Building the regulatory basis: Increased enrichment could affect regulations for accident source term, criticality accident requirements, environmental effects and data; requirements for fissile material packages; and the analysis of fuel fragmentation, relocation, and dispersal (FFRD) issues relevant to fuels of higher enrichment and burnup levels.

The rulemaking is expected to require amendments to several NRC regulations—including 10 CFR Part 50, Domestic Licensing of Production and Utilization Facilities; 10 CFR Part 51, Environmental Protection Regulations for Domestic Licensing and Related Regulatory Functions; and 10 CFR Part 71, Packaging and Transportation of Radioactive Material. The rule changes would apply to any LWR application submitted Part 50 or Part 52.

The NRC is soliciting comments on the options included in the regulatory basis and on the regulatory impacts of the rulemaking, including potential hardships for regulated small entities. In addition to the general questions, the commission is requesting specific feedback from the public and has prepared specific questions related to control room design criteria, transportation of uranium hexafluoride, and FFRD issues.

The NRC expects to release a final rule by the end of 2026.

ATF draft guidance: The NRC has also issued draft guidance for public comment on the environmental evaluation of ATFs of up to 8 percent enrichment to “reduce the need for a complex site-specific environmental review for each ATF license amendment request.”

NUREG–2266, Environmental Evaluation of Accident Tolerant Fuels with Increased Enrichment and Higher Burnup Levels, was released on September 1 and is open for comment through October 31.

NRC staff evaluated the likely impacts of near-term ATF technologies—including coated cladding, doped pellets, and iron-chromium-aluminum cladding—with increased enrichment and higher burnup levels on the uranium fuel cycle, transportation of fuel and waste, and decommissioning to determine the bounding (generic) environmental impacts of deploying ATF technologies with increased enrichment and higher burnup levels in LWRs.

Staff concluded that “the reevaluated findings addressing near-term ATF technologies (i.e., coated cladding, doping, and FeCrAl cladding) indicate the environmental effects associated with deploying and using ATF would be bound by the NRC staff’s prior analysis with enrichments up to 8 wt% U-235 and extending peak-rod burnup to 80 GWd/MTU.”

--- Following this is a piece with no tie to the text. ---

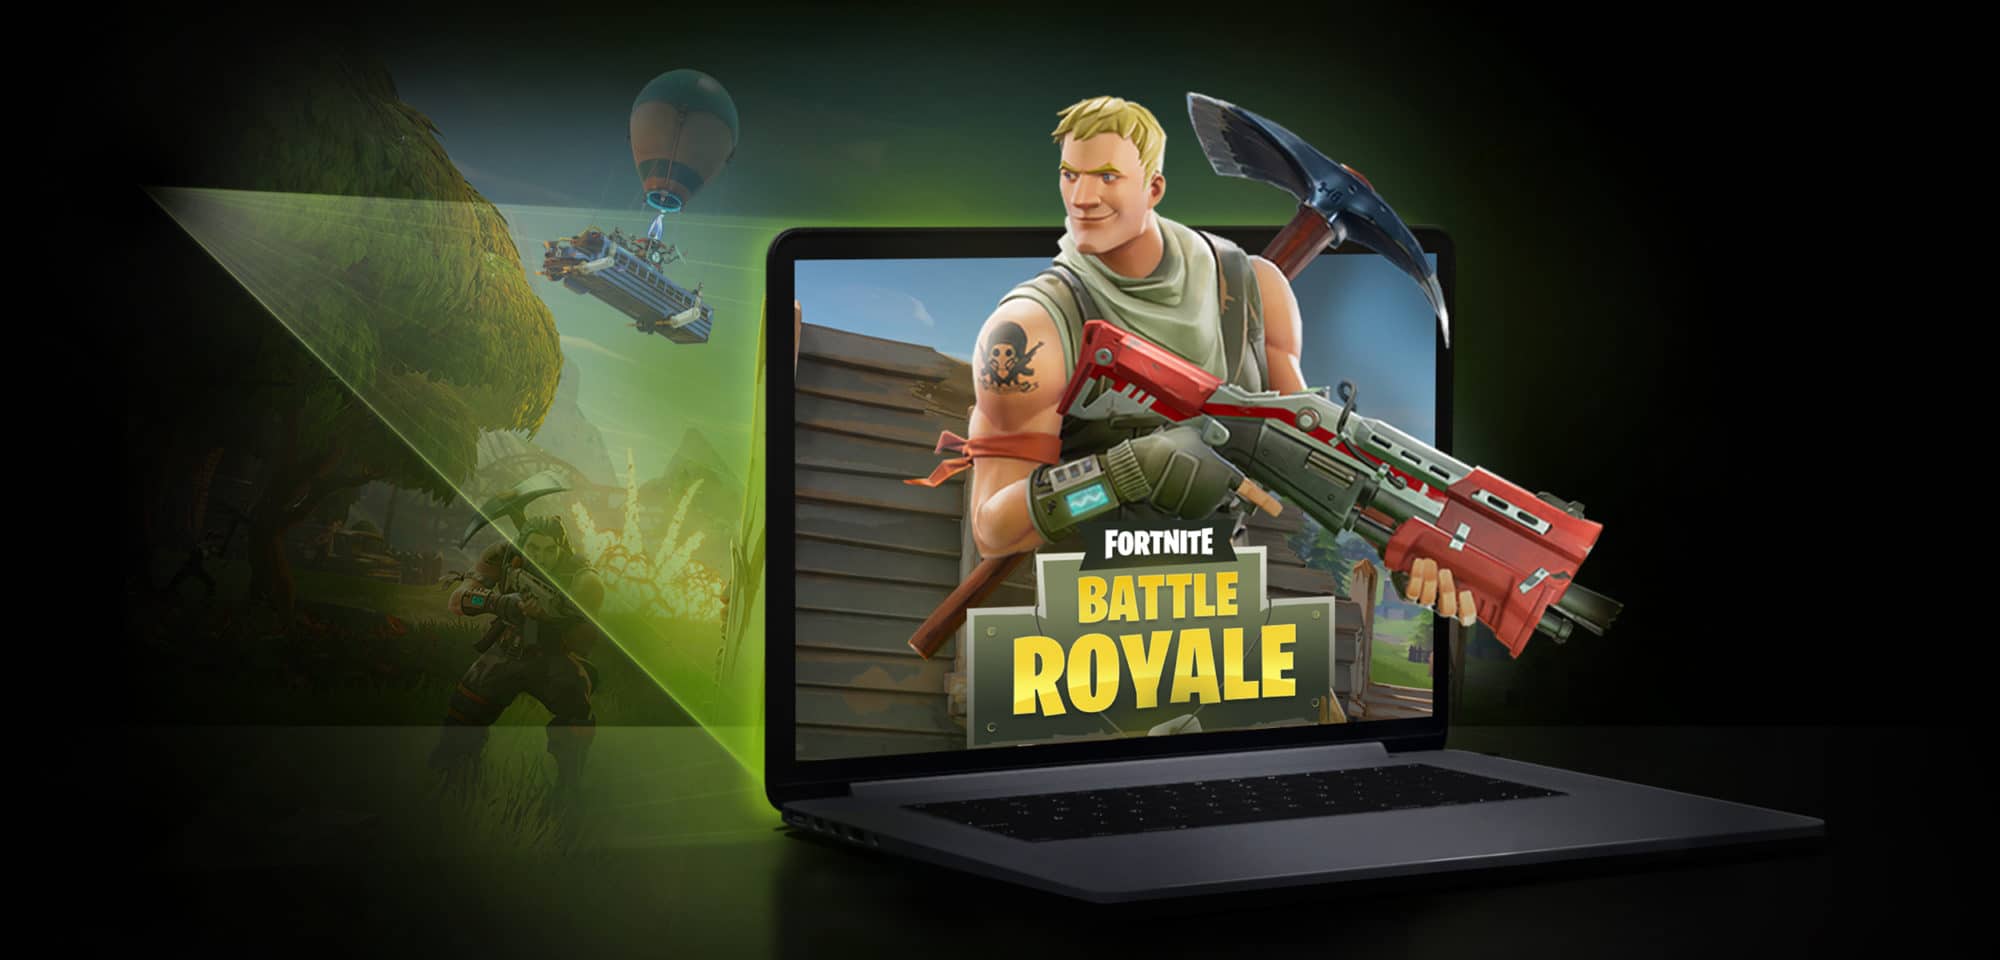 nvidia geforce now download

Public comment: Interested parties are asked to submit comments on the “Increased Enrichment of Conventional and Accident Tolerant Fuel Designs for Light-Water Reactors” regulatory basis by November 22 at the federal rulemaking website regulations.gov, with a search for Docket ID NRC-2020-0034, or by emailing comments to Rulemaking.Comments@nrc.gov.

Comments on NUREG–2266 may be submitted through October 31 at regulations.gov with a search for Docket ID NRC–2023–0113.